* [Requirement] Everything from the first line of the material to the line containing "AMUSE(アミューズ) アイ ビーガン シアーパレットを使ったあひるさんのクチコミ画像", inclusive, must be given again exactly; no pictures, and nothing past that line.

* [Data extract]
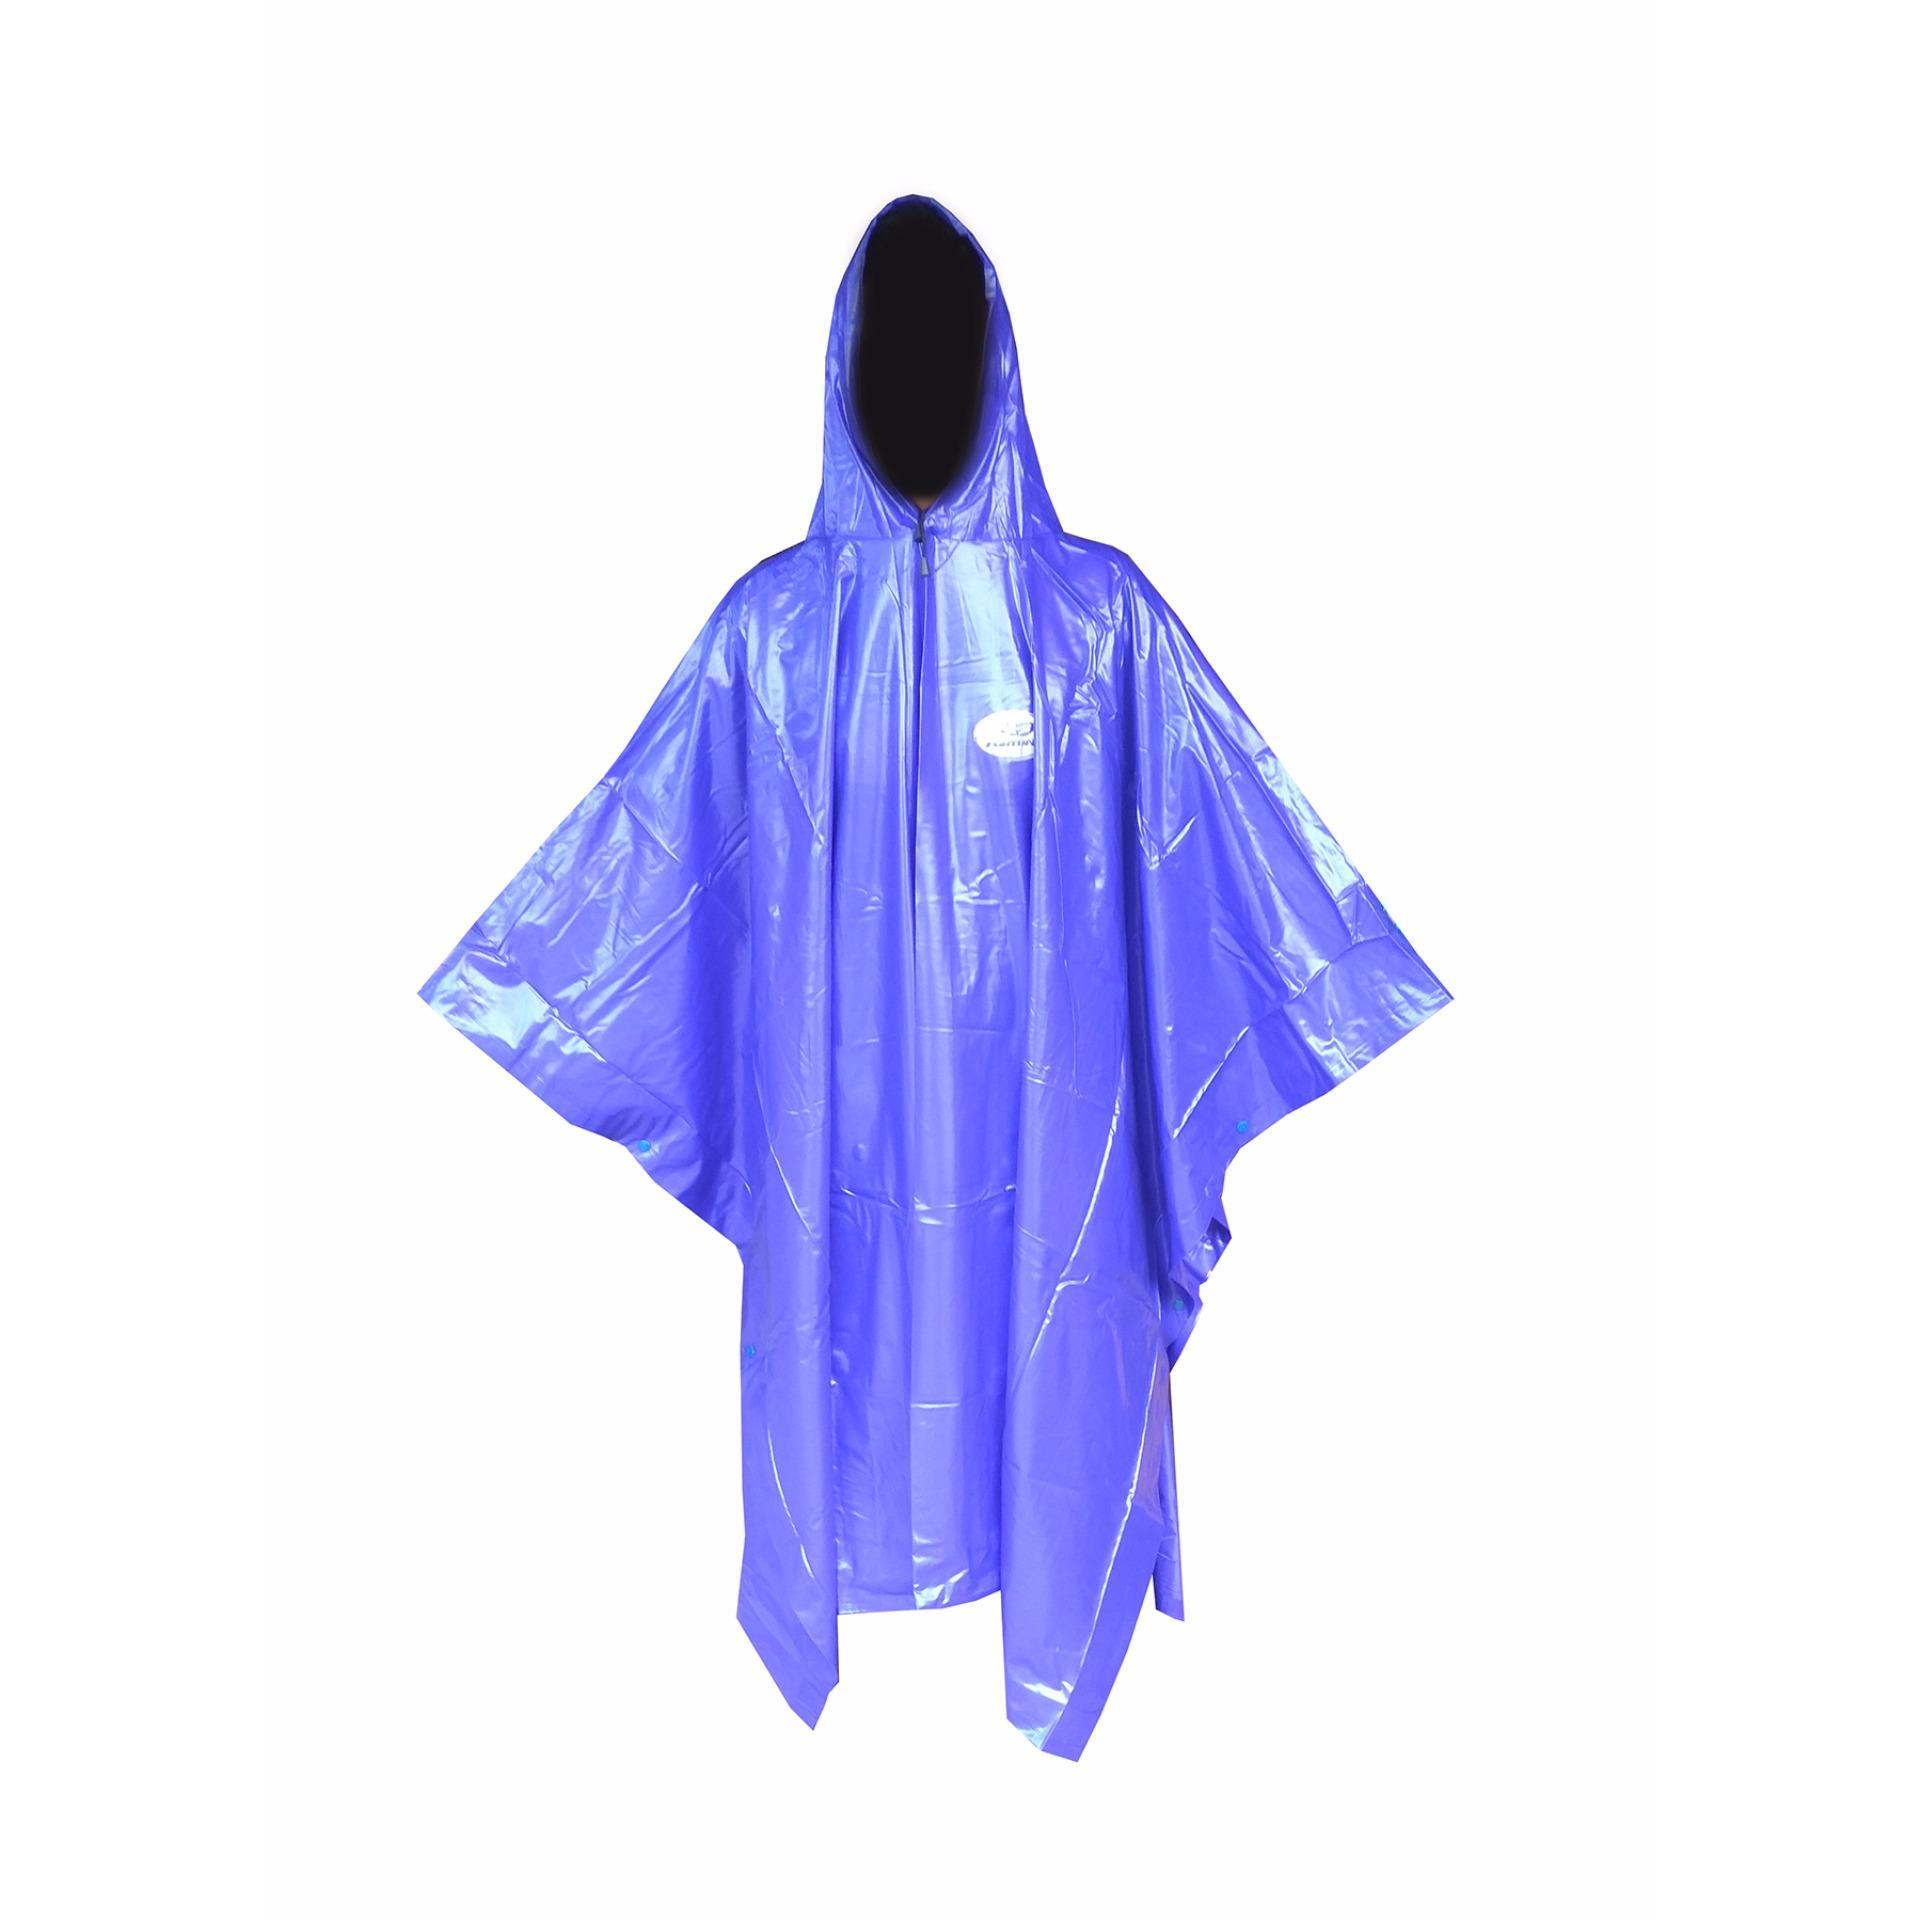 Jual Fortune Jas Hujan Ponco Karet Pvc Tebal Beratnya Hampir 1Kg Tipe F613 Biru Branded Original
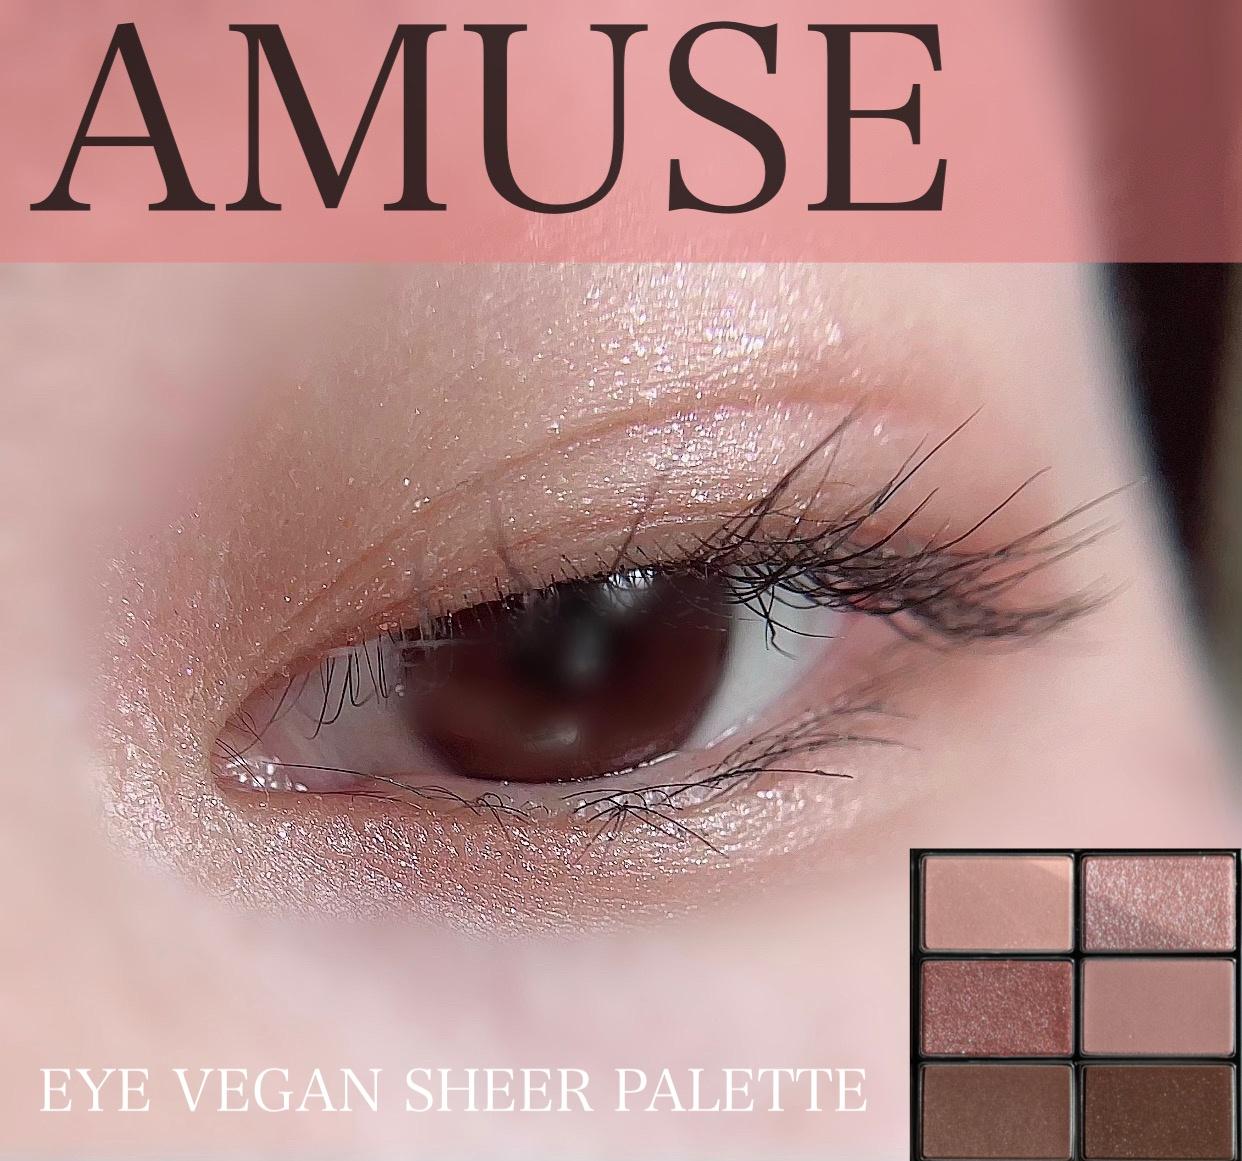 AMUSE(アミューズ) アイ ビーガン シアーパレットを使ったあひるさんのクチコミ画像
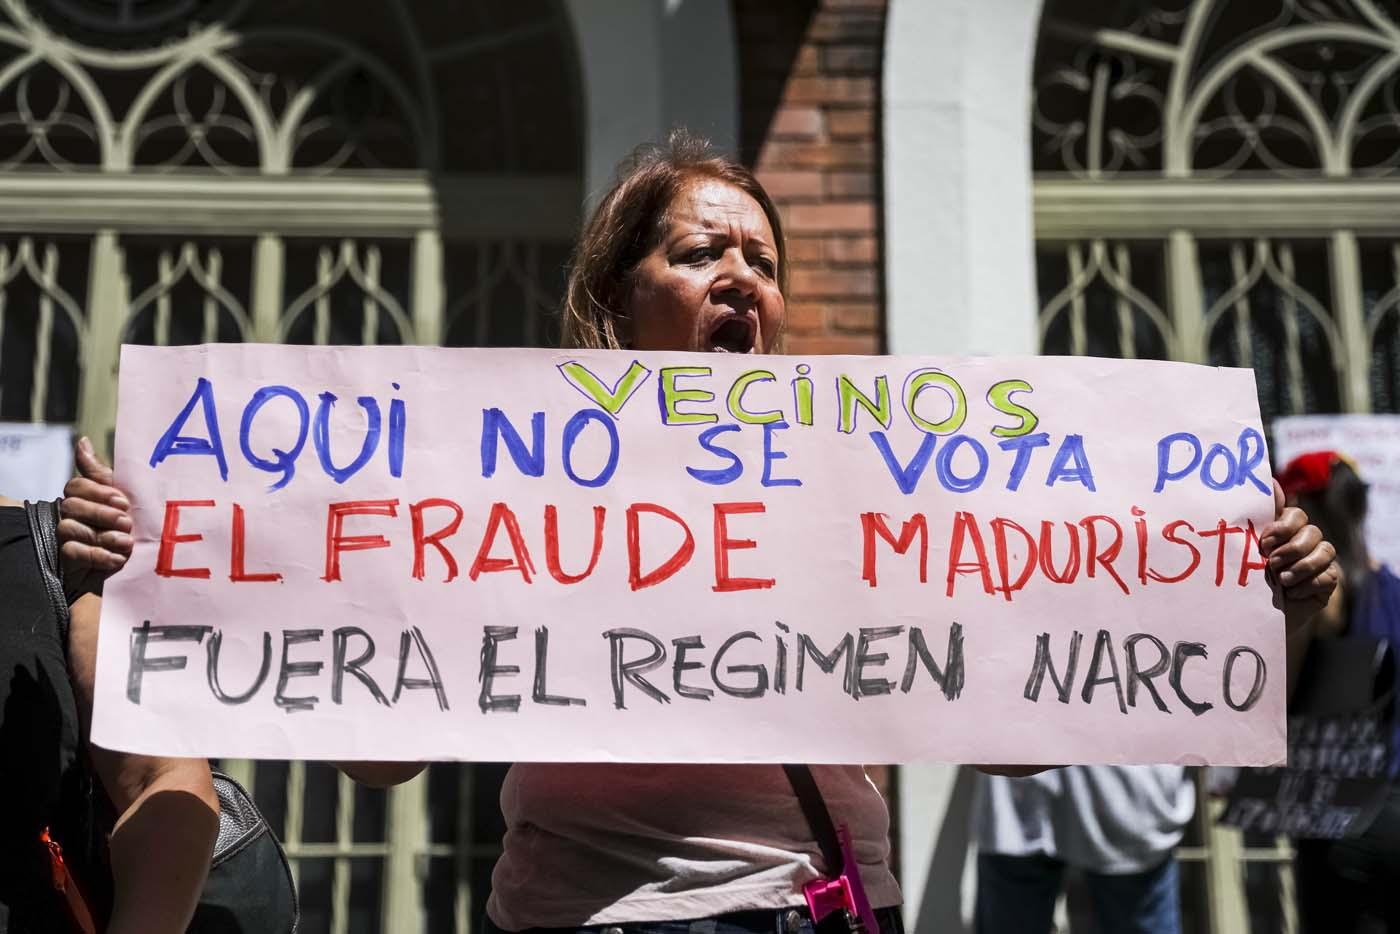 CAR07. CARACAS (VENEZUELA), 24/07/2017.- Una mujer se manifiesta en rechazo a la Asamblea Constituyente hoy, lunes 24 de julio de 2017, en un colegio electoral de Caracas (Venezuela). Venezuela inicia hoy la semana decisiva para la elección de la Asamblea Nacional Constituyente convocada por el presidente, Nicolás Maduro, con los oficialistas entrando en la recta final de su campaña en medio de protestas y llamados a paro de los opositores en rechazo a esos comicios. EFE/Miguel Gutiérrez
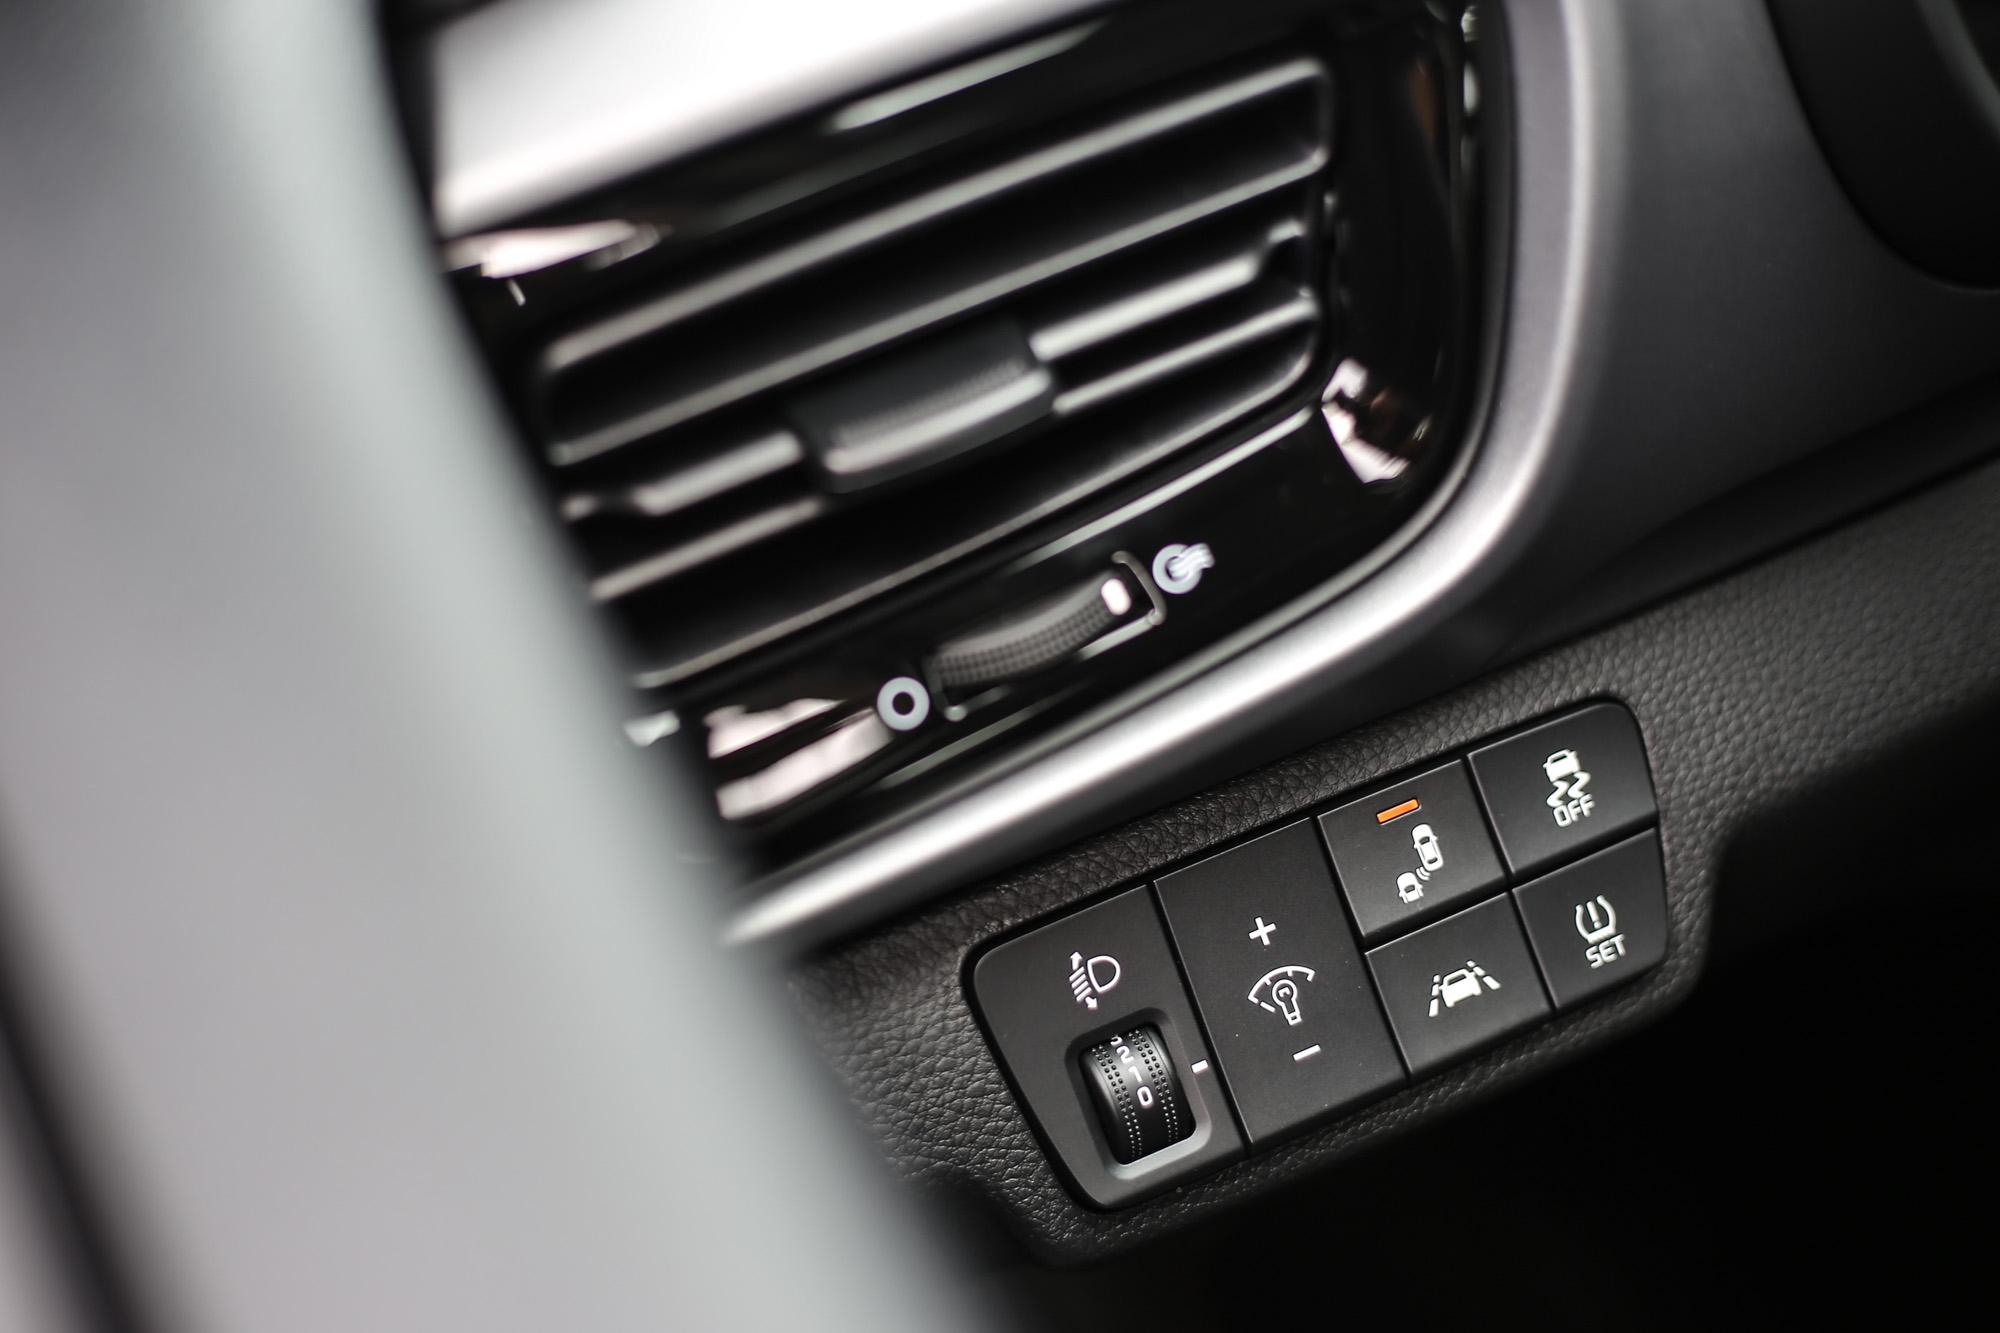 安全配備按鍵集中於方向盤左側。

* [Task result]
 Jual Fortune Jas Hujan Ponco Karet Pvc Tebal Beratnya Hampir 1Kg Tipe F613 Biru Branded Original
 AMUSE(アミューズ) アイ ビーガン シアーパレットを使ったあひるさんのクチコミ画像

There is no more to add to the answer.